Neither the study authors nor Dr. Ferrajoli reported conflicts of interest.

The latest therapies for chronic lymphocytic leukemia (CLL) offer prolonged remission, along with a need for better tools to gauge their effectiveness. Data from a new study published in Frontiers in Oncology demonstrate that assessing measurable residual disease (MRD) helps doctors evaluate and implement novel treatments.

“MRD measurement is now a key feature of CLL clinical trials reporting. It can change CLL care by enabling approval of medication use in the wider (nontrial) patient population based on MRD data, without having to wait (ever-increasing) times for conventional trial outcomes, such as progression-free survival [PFS],” said study author Tahla Munir MD, of the department of hematology, at the Leeds (England) Teaching Hospitals of the National Health Service Trust.

courtesy of NHS

“It also has potential to direct our treatment duration and follow-up strategies based on MRD results taken during or at the end of treatment, and to direct new treatment strategies, such as intermittent (as opposed to fixed-duration or continuous) treatment,” Dr. Munir said in an interview.

The review study defined MRD according to the detectable proportion of residual CLL cells. (Current international consensus for undetectable is U-MRD4 1 leukemic cell in 10,000 leukocytes.) The advantages and disadvantages of different MRD assays were analyzed. Multiparameter flow cytometry, an older technology, proved less sensitive to newer tests. It is reliable measuring to a sensitivity of U-MRD4 and more widely available than next-generation real-time quantitative polymerase chain reaction tests (NG-PCR).

“NG-PCR has the most potential for use in laboratory practice. It doesn’t require patient-specific primers and can detect around 1 CLL cell in 1x10⁶ leukocytes. The biggest challenge is laboratory sequencing and bioinformatic capacity,” said lead study author Amelia Fisher, clinical research fellow at the division of cancer studies and pathology, University of Leeds.

“Multiple wells are required to gather adequate data to match the sensitivity of NGS. As this technology improves to match NGS sensitivity using fewer wells, once primers (bespoke to each patient) are designed it will provide a simple to use, rapid and easily reportable MRD tool, that could be scaled up in the event of MRD testing becoming routine practice,” explained Dr. Fisher.

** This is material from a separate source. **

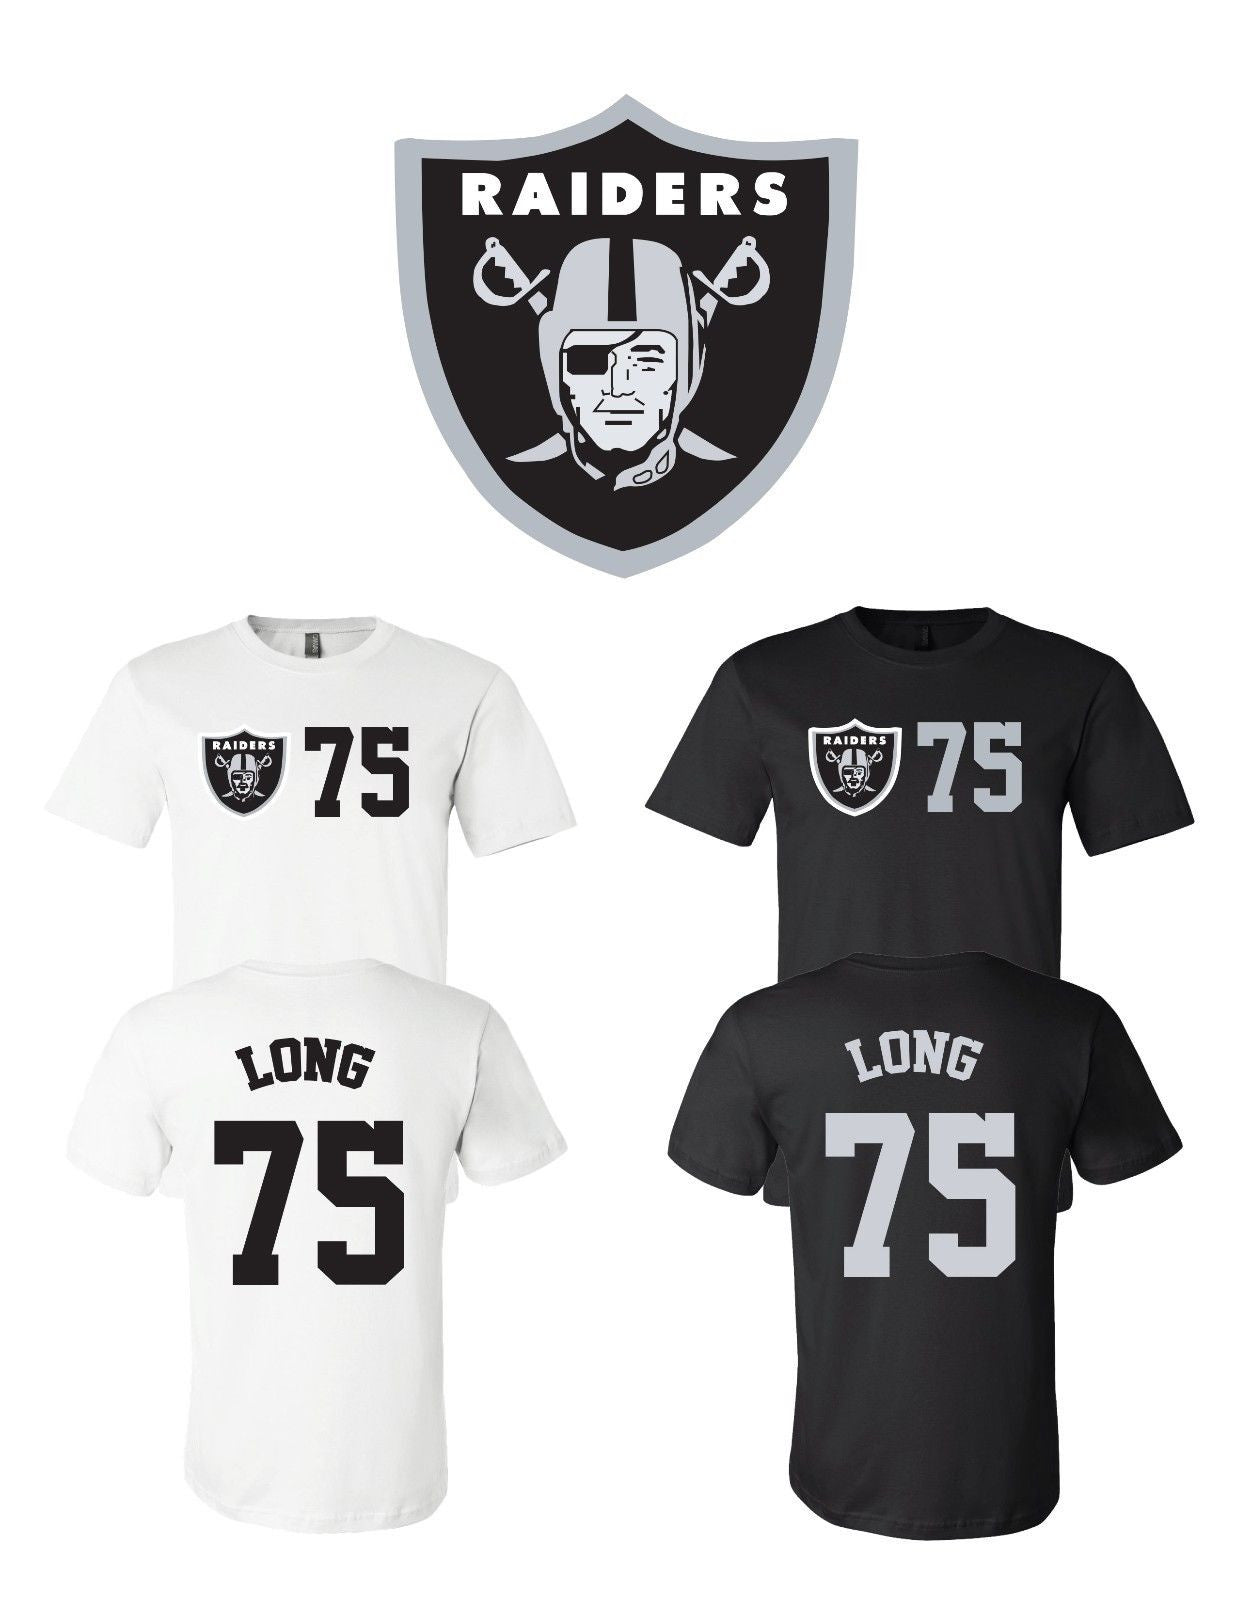 Howie Long #75 Las Vegas Oakland Raiders Jersey player shirt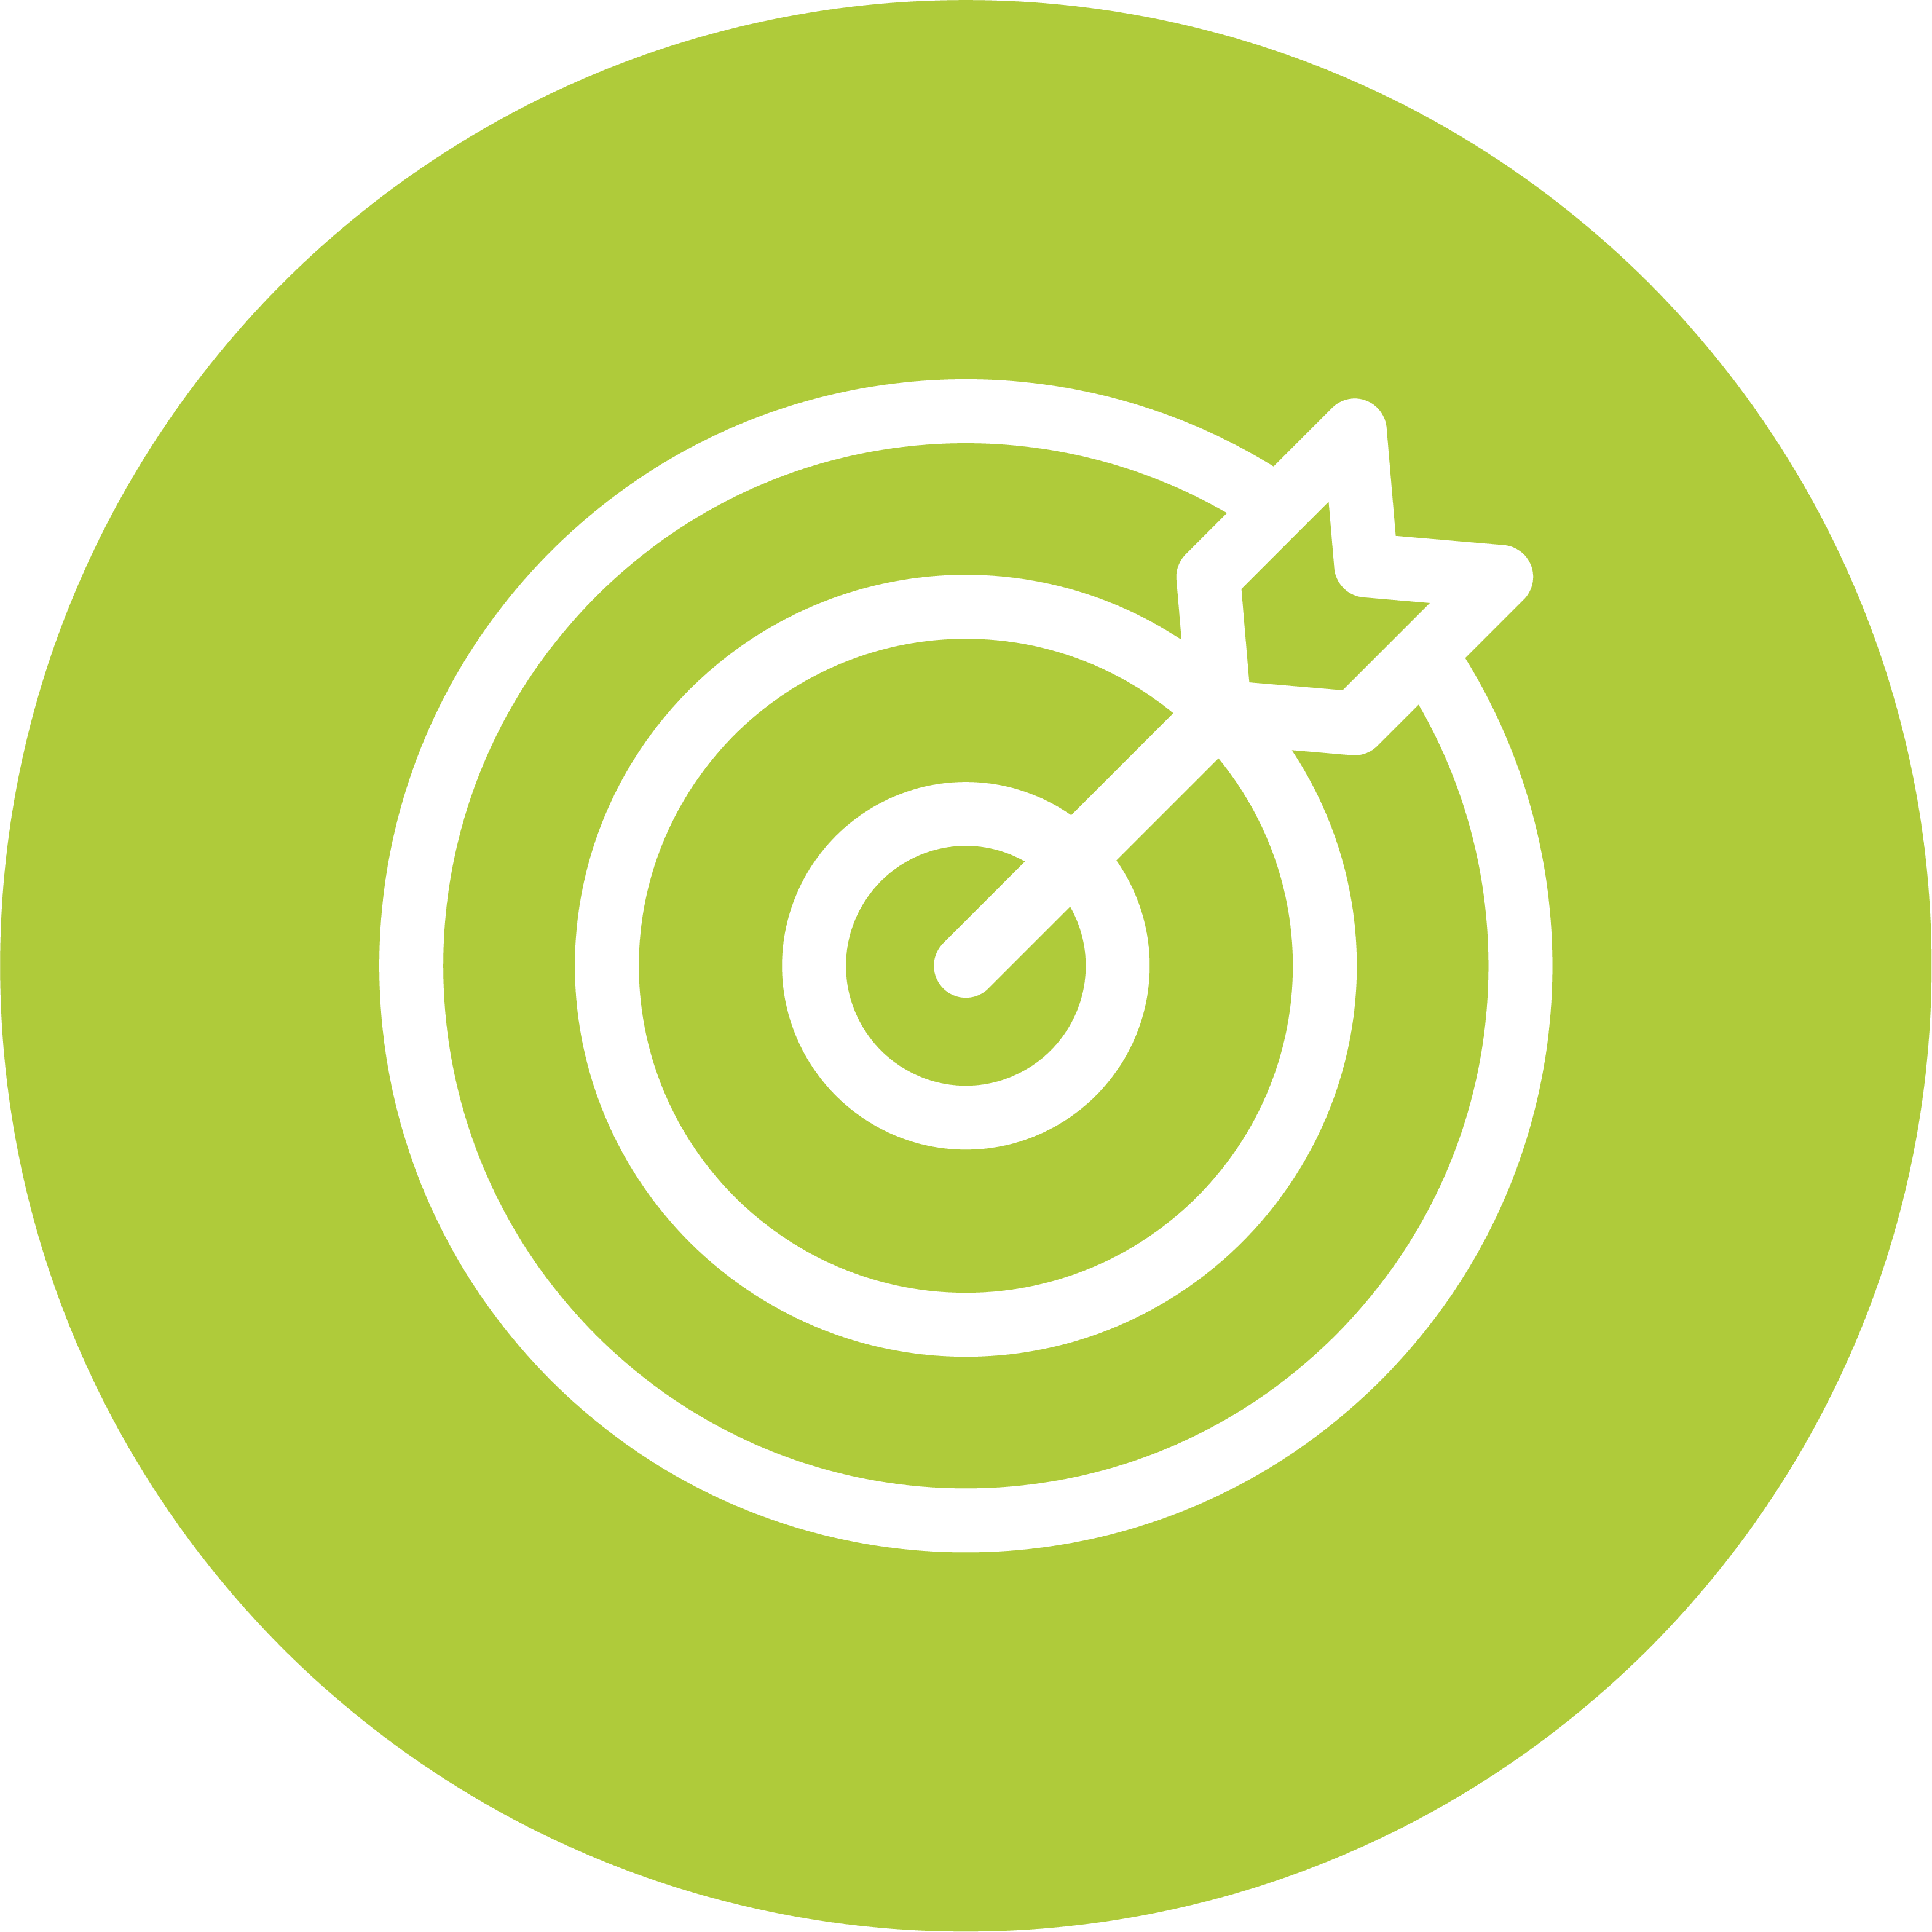 Grüner Kreis mit weißer Zielscheibe und Pfeil in der Mitte auf transparentem Hintergrund, symbolisch für Zielsystem und Bonus.

The study also demonstrated how MRD can offer more in-depth insights into the success of treatments versus PFS. In the MURANO clinical trial, which compared venetoclax-rituximab treatment with standard chemoimmunotherapy (SC) to treat relapsed or refractory CLL, the PFS and overall survival (OS) remained significantly prolonged in the VR group at 5 years after therapy.

Analysis of MRD levels in the VR arm demonstrated that those with U-MRD4 had superior OS, with survival at 5 years of 95.3%, compared with those with higher rates of MRD (72.9%). A slower rate of MRD doubling time in the VR-treated patients, compared with the SC-treated patients, also buttressed the notion of moving from SC to VR treatment for the general CLL patient population.

Researchers cautioned that “a lot of the data is very recent, and therefore we do not have conventional trial outcomes, e.g., PFS and OS for all the studies. Some of the data we have is over a relatively short time period.”

University of Texas MD Anderson Cancer Center

An independent expert not associated with the study, Alessandra Ferrajoli, MD, associate medical director of the department of leukemia at the University of Texas MD Anderson Cancer Center, Houston, expressed agreement with the study’s main findings.

“It is very likely that MRD assessment will be incorporated as a standard measurement of treatment efficacy in patients with CLL in the near future. The technologies have evolved to high levels of sensitivity, and the methods are being successfully harmonized and standardized,” she said.

Neither the study authors nor Dr. Ferrajoli reported conflicts of interest.